* What is needed *
After locating the line with "Try one of these" in the entries below, output it and each following line up to and including the line with "Full mobile and", exactly and without pictures.

* Input data *
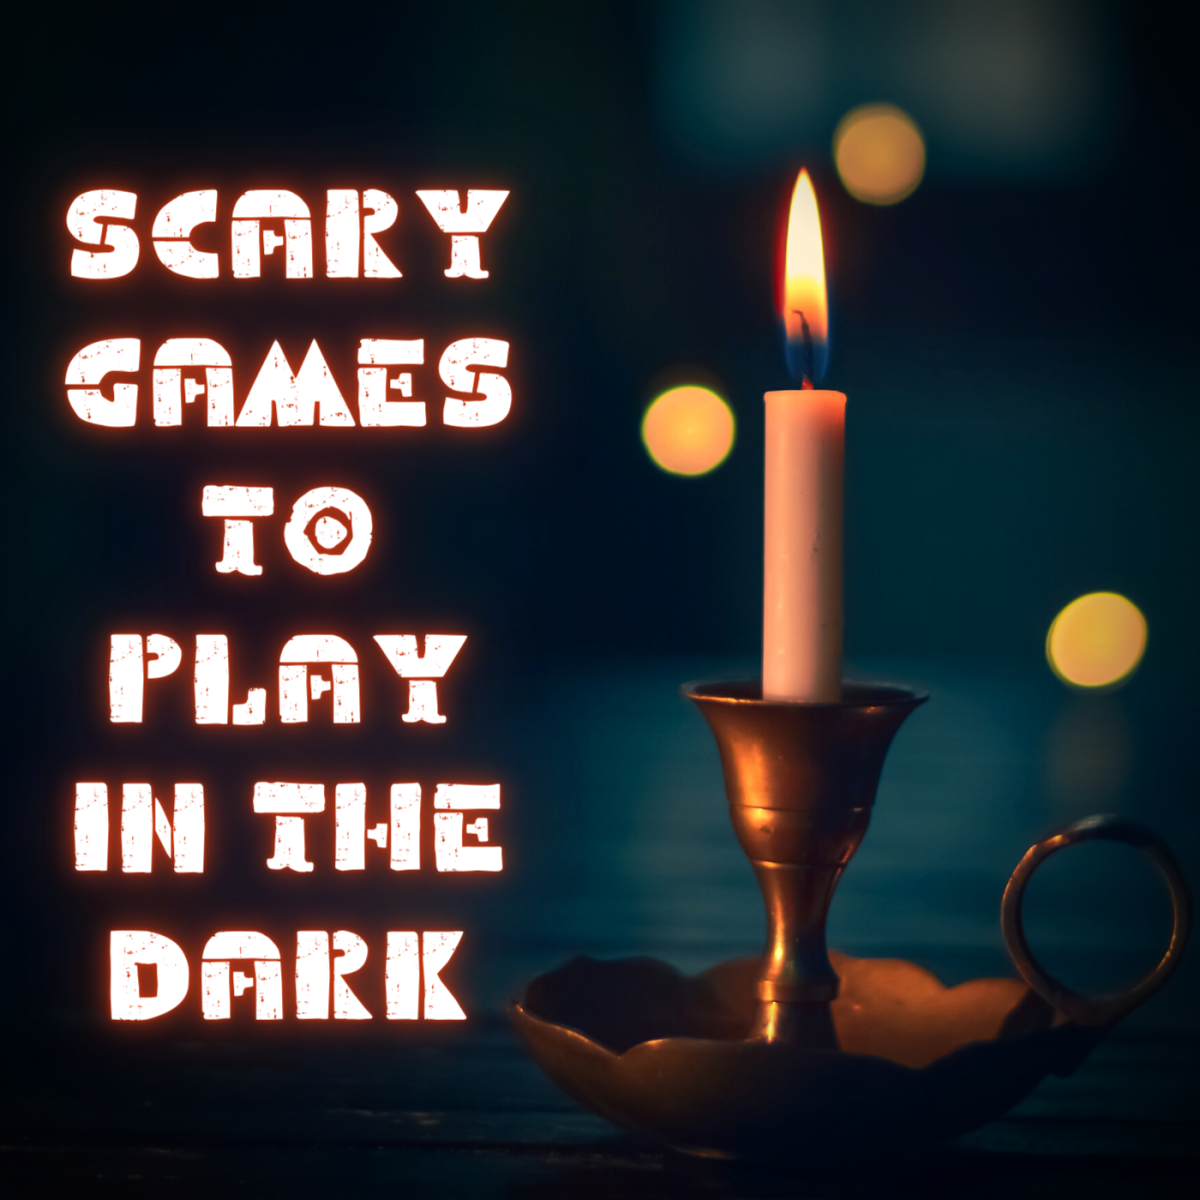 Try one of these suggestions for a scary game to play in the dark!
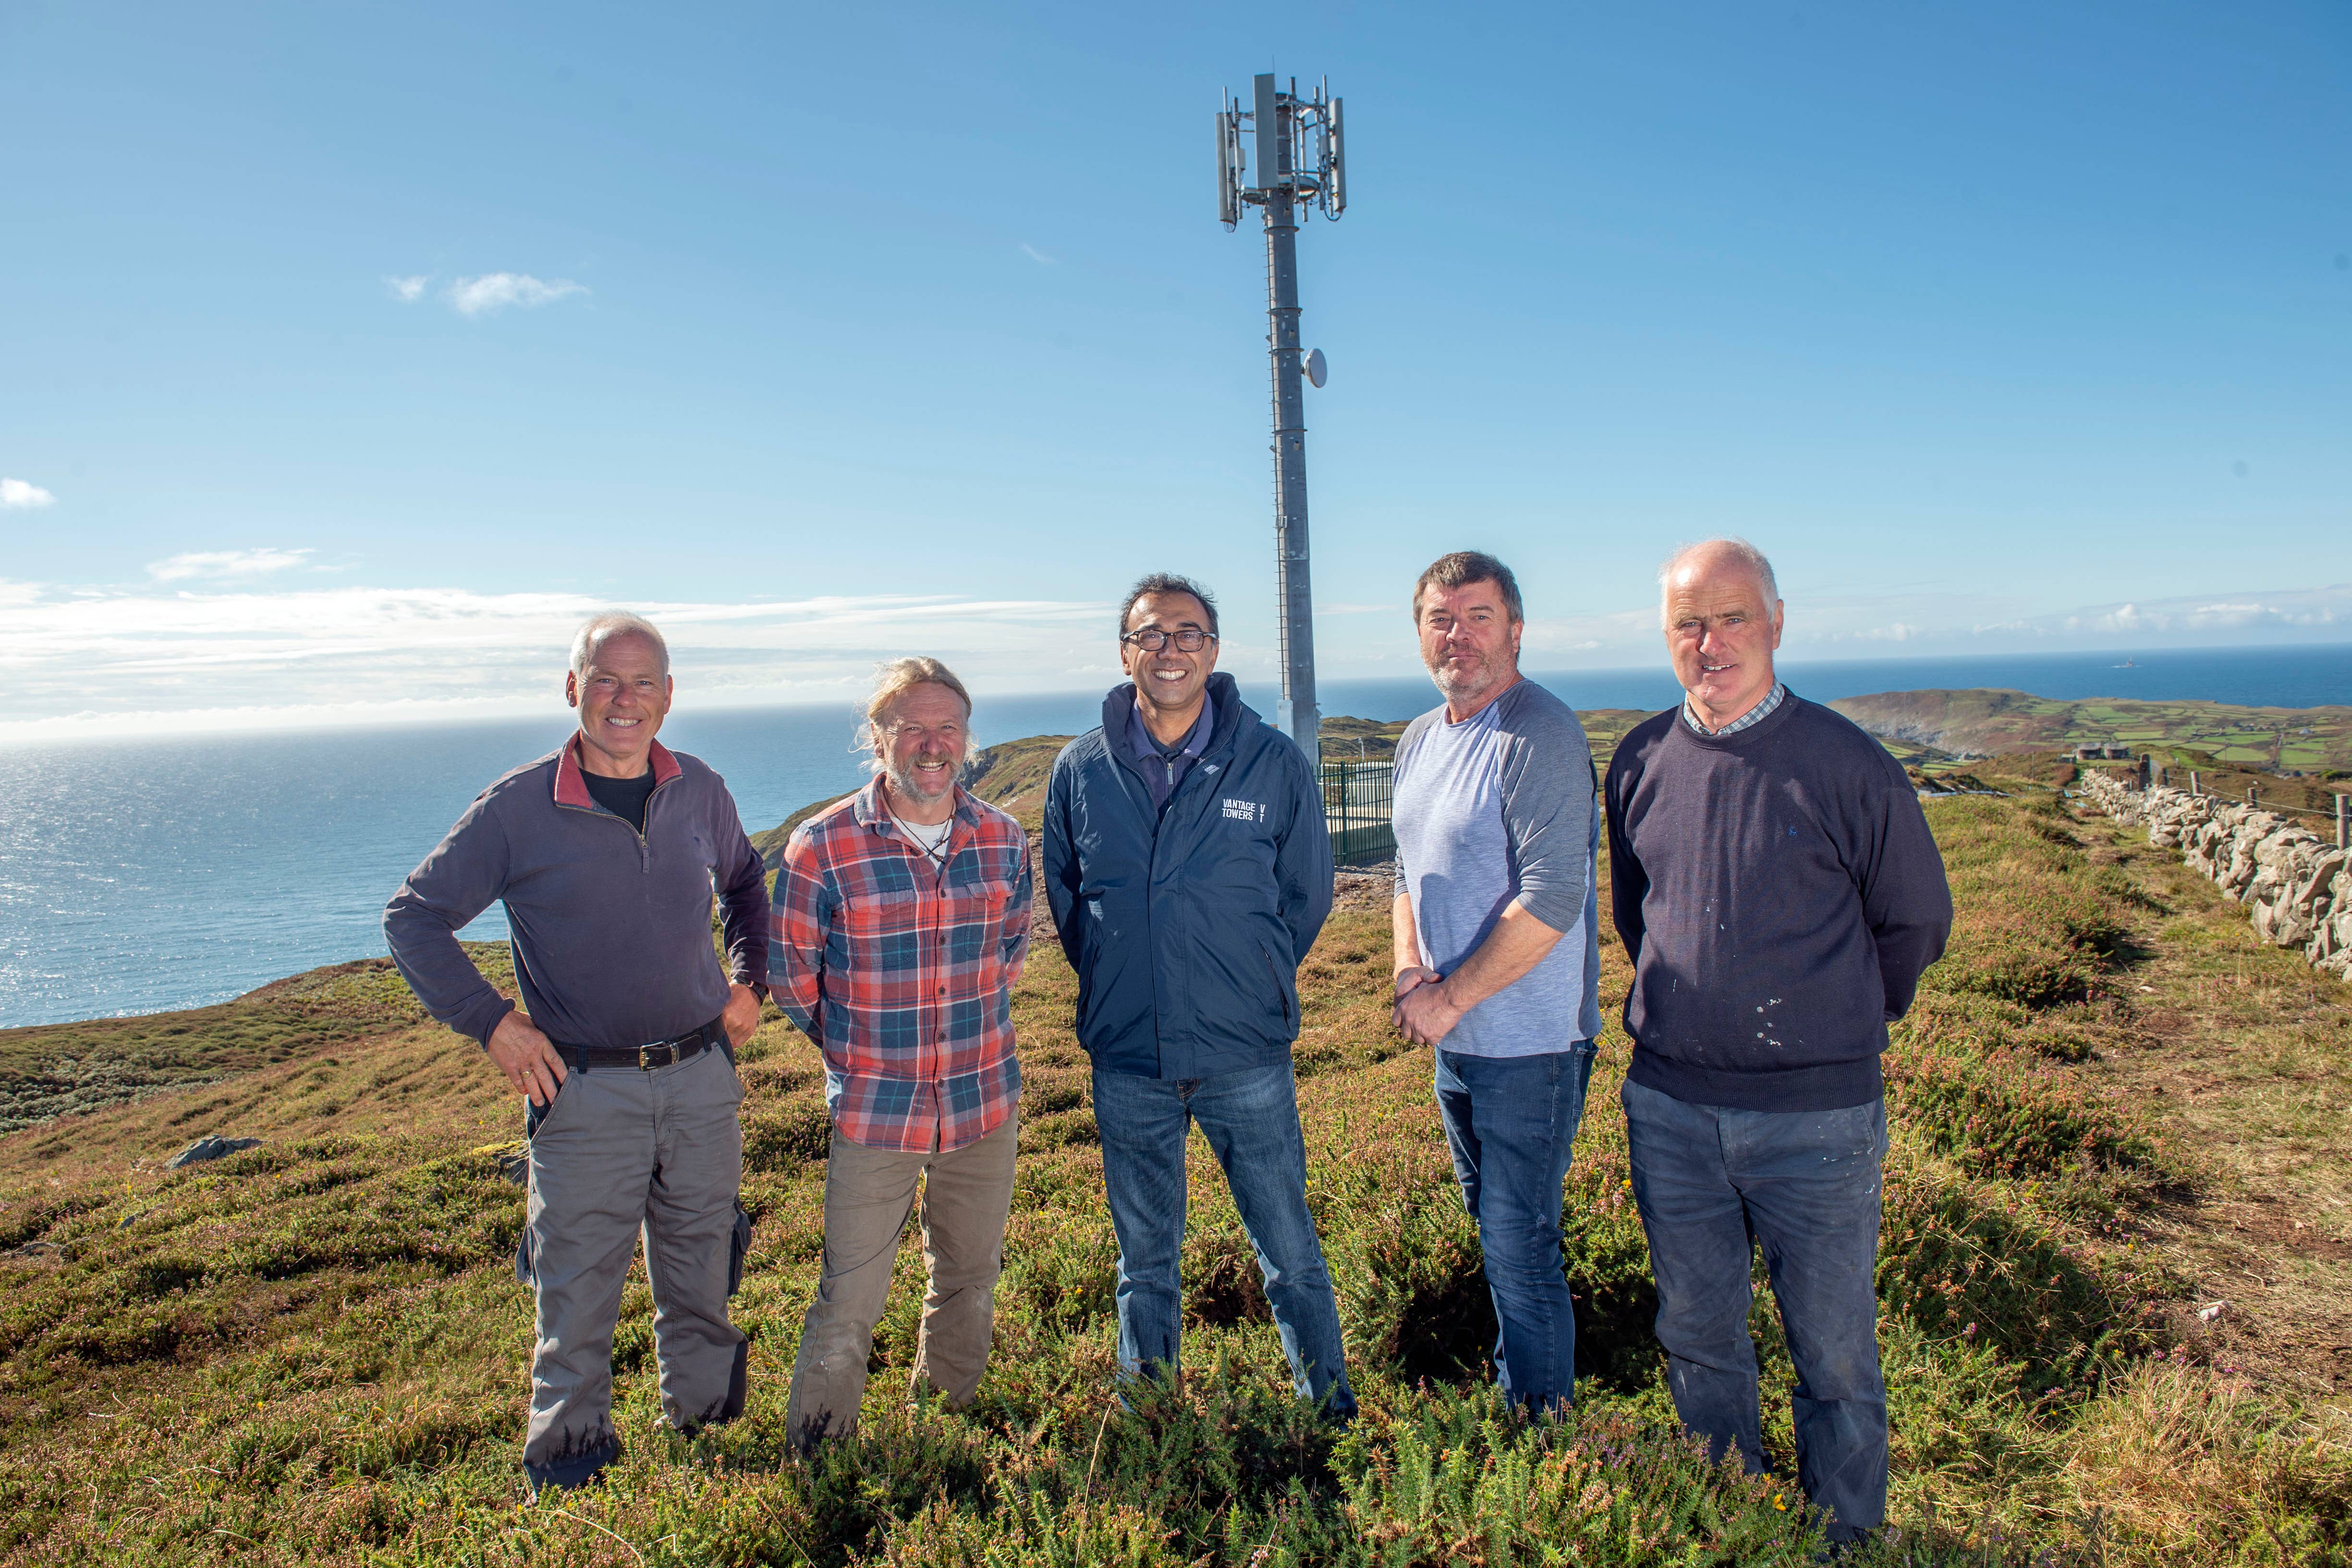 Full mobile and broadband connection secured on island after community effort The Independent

==

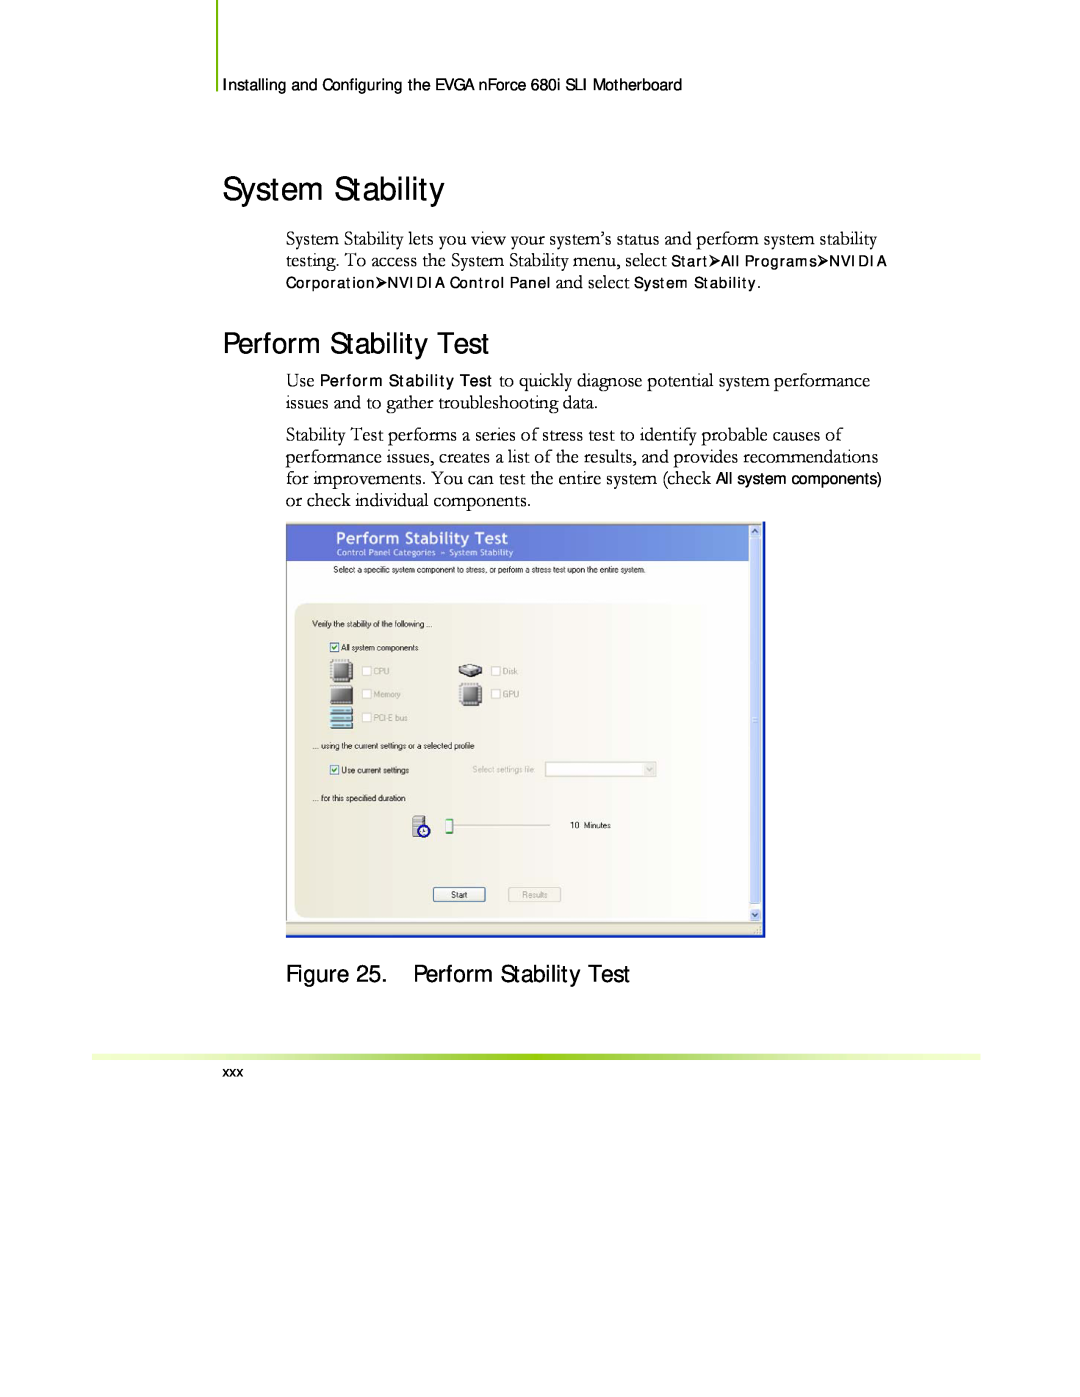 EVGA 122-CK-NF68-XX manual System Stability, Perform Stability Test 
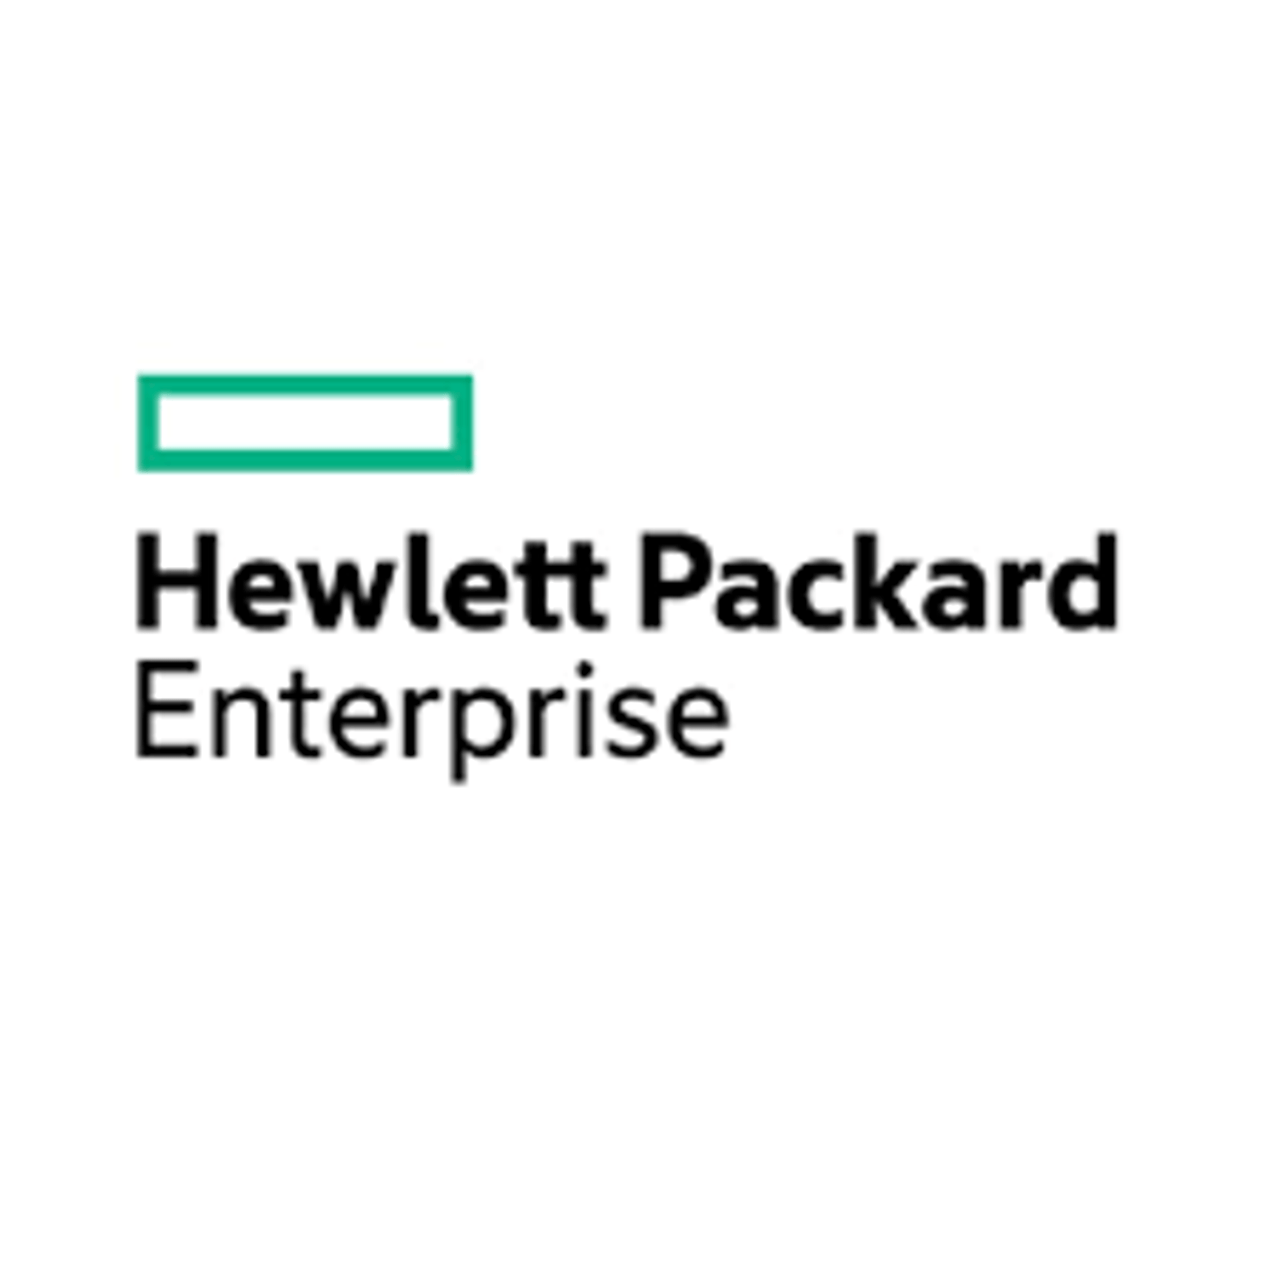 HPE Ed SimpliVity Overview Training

* Result of this task *
 Try one of these suggestions for a scary game to play in the dark!
 Full mobile and broadband connection secured on island after community effort The Independent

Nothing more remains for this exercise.